The Toll of Hyperammonemia on the Brain.

Acute liver failure (ALF) is a devastating disease characterized by inflammation, immune activation, and hyperammonemia. These processes predispose patients to the development of cerebral edema, which can have fatal consequences. Therefore, defining the mechanisms by which hyperammonemia results in cerebral edema in ALF is important in order to discover newer therapeutic targets. The article by Vijay et al in this issue of Cellular and Molecular Gastroenterology and Hepatology elucidates the role of Toll-like receptor 9 (TLR9) as a mediator of cerebral edema in a model of hyperammonemia.

In recent years, the contribution of inflammatory processes to central nervous system (CNS) dysfunction has become increasingly apparent. While explicitly autoimmune CNS disorders such as multiple sclerosis have long been associated with inflammatory changes, the pathophysiology of other CNS disorders, including neuropsychiatric disorders such as schizophrenia and autism and mood disorders such as major depression, have also implicated immune system dysfunction. These connections between the CNS and immune system reveal the vulnerability of the CNS to inflammatory changes associated with dysfunction of other organ systems. TLR3 and TLR4 ligands, for example, have been used in animals to model the gestational insults that contribute to neuropsychiatric disorders7, 8, 9 and the sickness behavior produced by TLR3 ligands is an explicit example of the effect of peripheral immune function on CNS performance. Given the striking inflammatory effects and devastating CNS sequelae associated with ALF, there remains an urgent need to investigate mechanisms by which immune changes associated with liver disease contribute to CNS-relevant phenotypes such as those resulting in brain edema, intracranial hypertension, and HE. Within these disorders, TLRs, given their crucial immune function and implication in both CNS and hepatic disease, are an appealing target for investigation.
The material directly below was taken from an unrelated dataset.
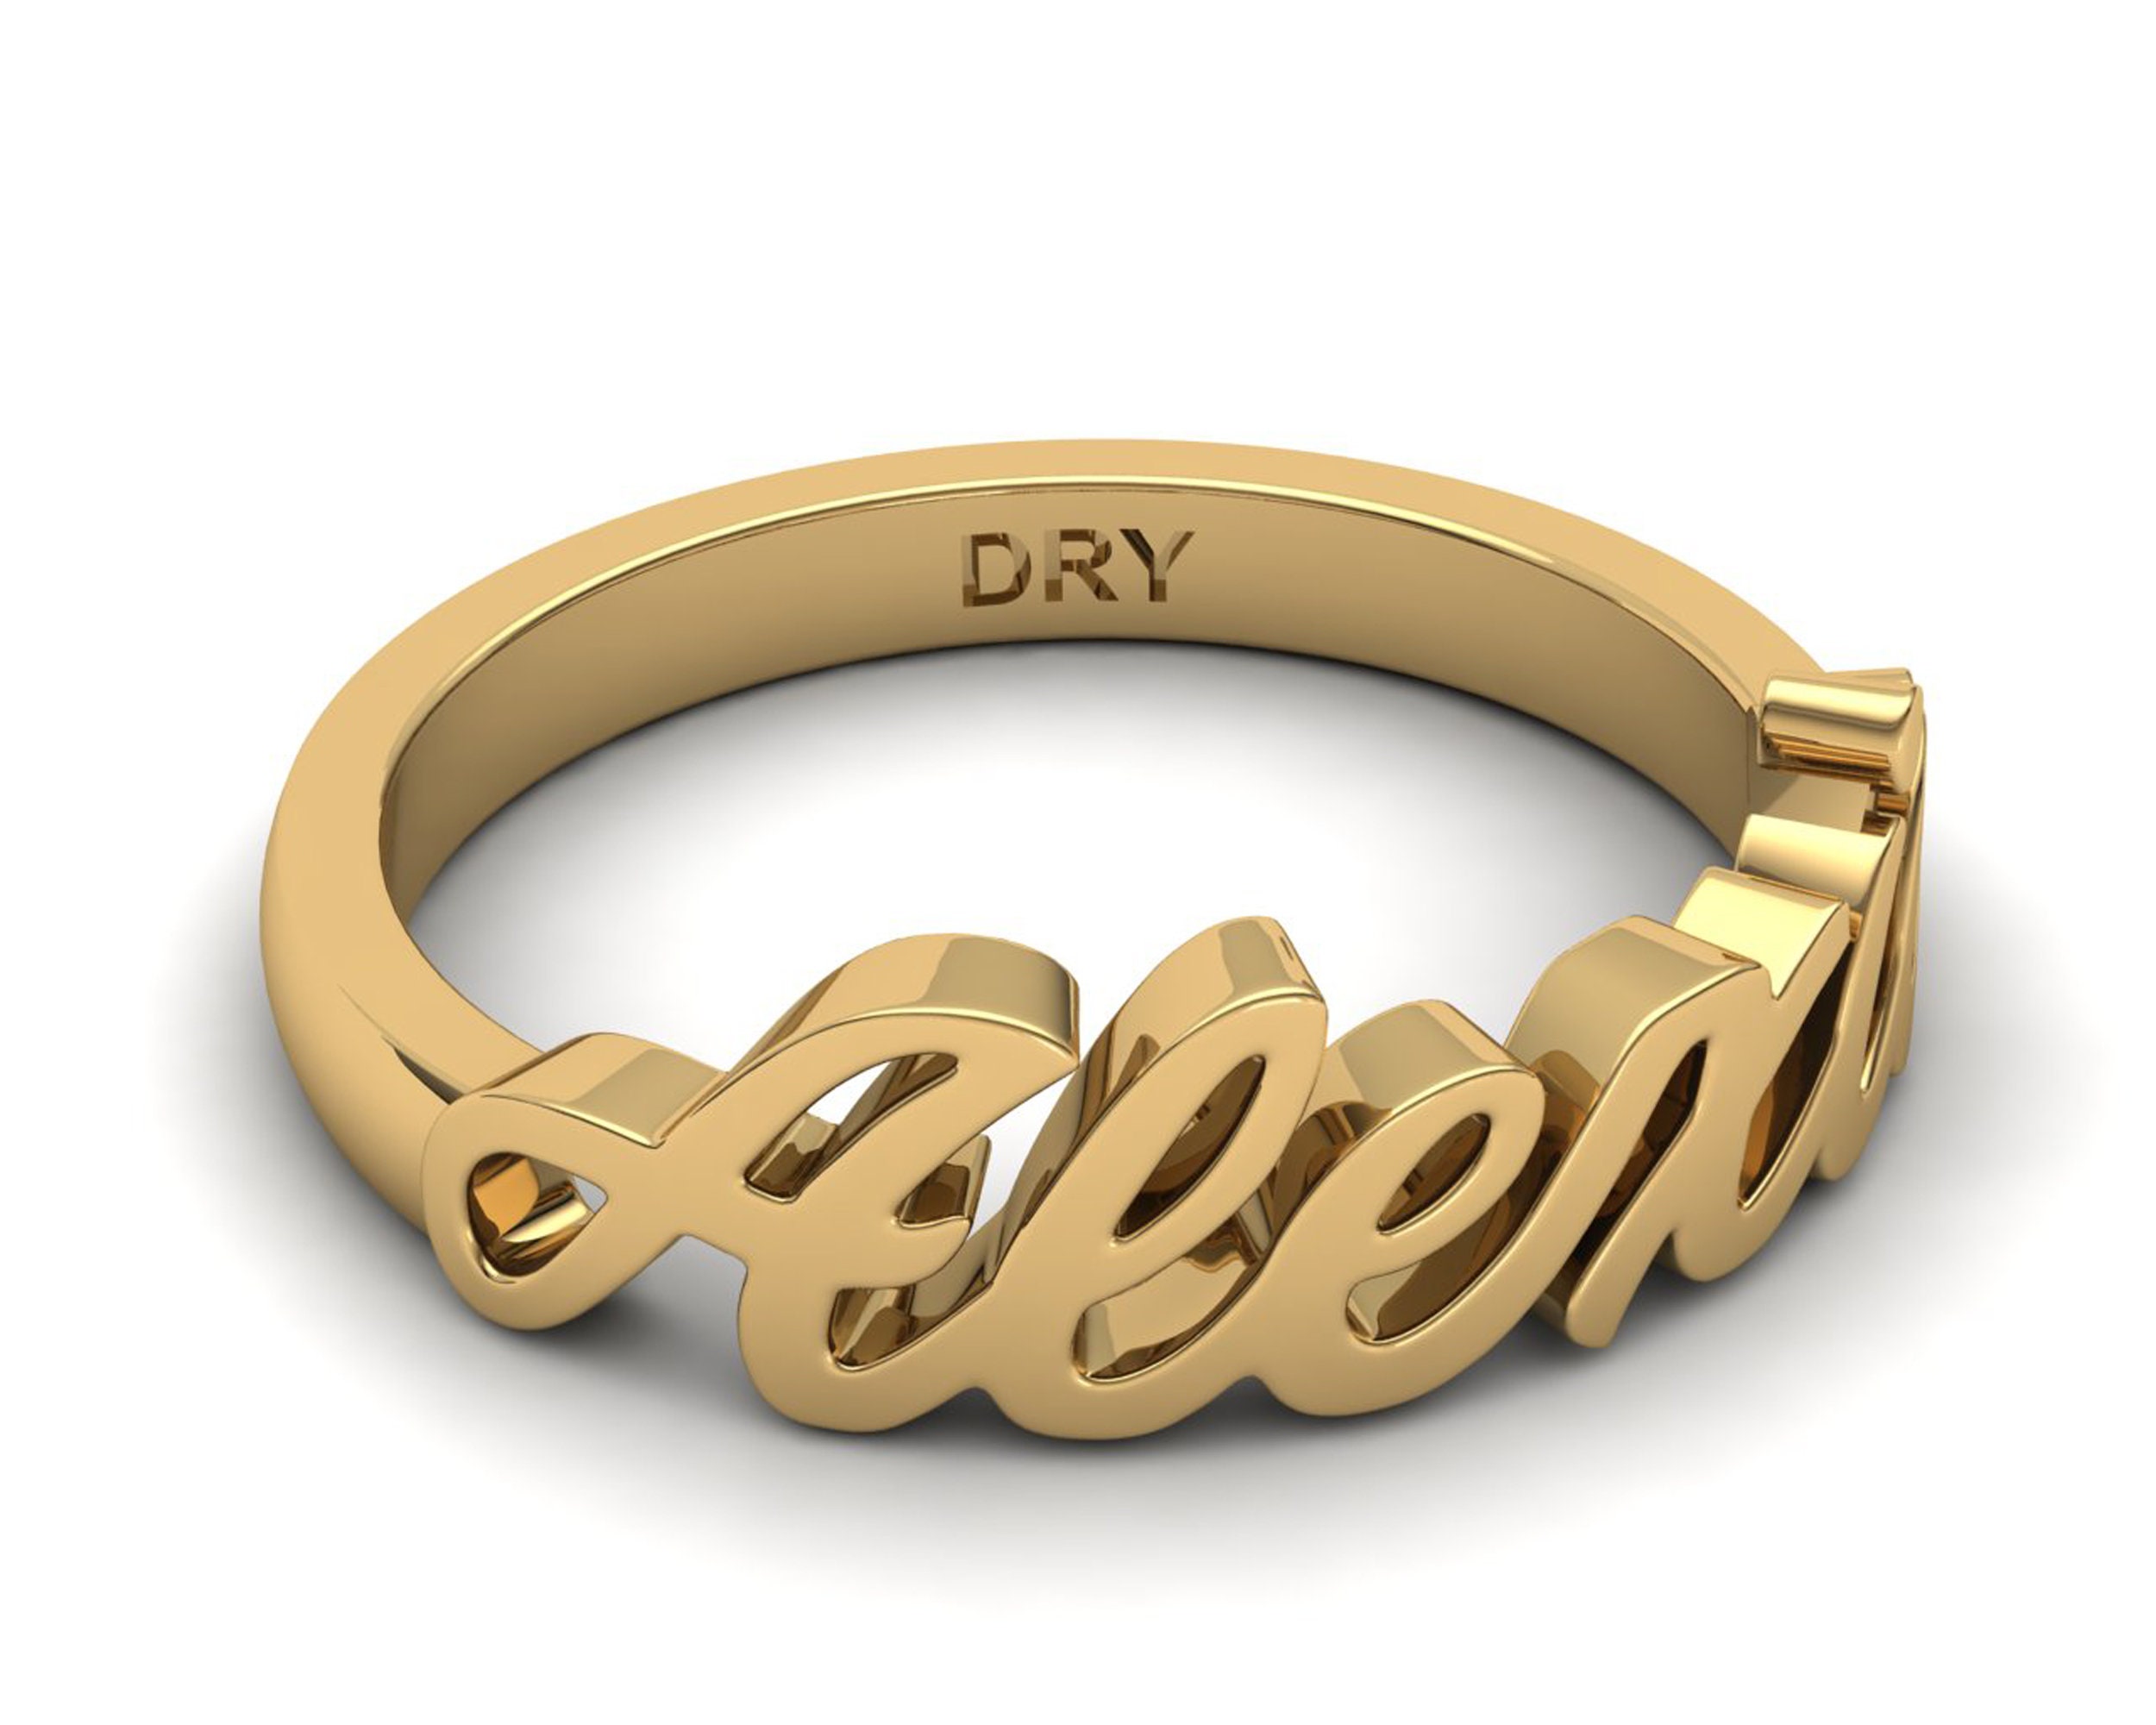 Personalized Name Ring in Script Design With Diamond Accent on Tail Beneath  Name - Walmart.com

Although it had previously been established that TLR9 signaling is necessary for the progression of acetaminophen-induced liver injury and therefore subsequent development of brain edema, the importance of the receptor for the earlier stages of this process had prevented understanding of its role for later stage disease. Here, the authors use a novel combination of ammonium acetate and Tlr9 mice to directly induce hyperammonemia while maintaining liver function, allowing direct evaluation of receptor knockout’s effect on the subsequent development of brain edema. Further nuance is achieved by use of Tlr9 mice crossed with mice expressing Cre recombinase under the control of the lysozyme promoter, generating macrophage and neutrophil conditional knockouts of TLR9. With these tools, the authors are able to establish that absence of TLR9 within these cell populations is capable of preventing ammonium acetate-induced increases in brain water, proinflammatory cytokine production, and hepatocyte swelling. The TLR9 antagonist ODN2088 is similarly able to prevent these phenotypes. Interestingly, increases in plasma DNA following ammonium acetate administration are observed regardless of TLR9 status, suggesting that this alteration is upstream of the receptor. Despite the undoubtedly interesting findings in this article, further studies are needed using models of brain edema with concomitant liver failure, which are closer to the human disease process.

These findings suggest TLR9 as a key mediator of the progression from hyperammonemia to brain edema and associated intracranial hypertension. This knowledge of TLR9’s role in later stages of this process allows for further investigation into the therapeutic window for TLR9 antagonism and suggests a potential benefit even in cases where liver failure has progressed to hyperammonemia. This investigation of neuroimmune regulation of brain edema could set the basis for new therapeutic options for the prevention and treatment of this feared complication of acute liver failure.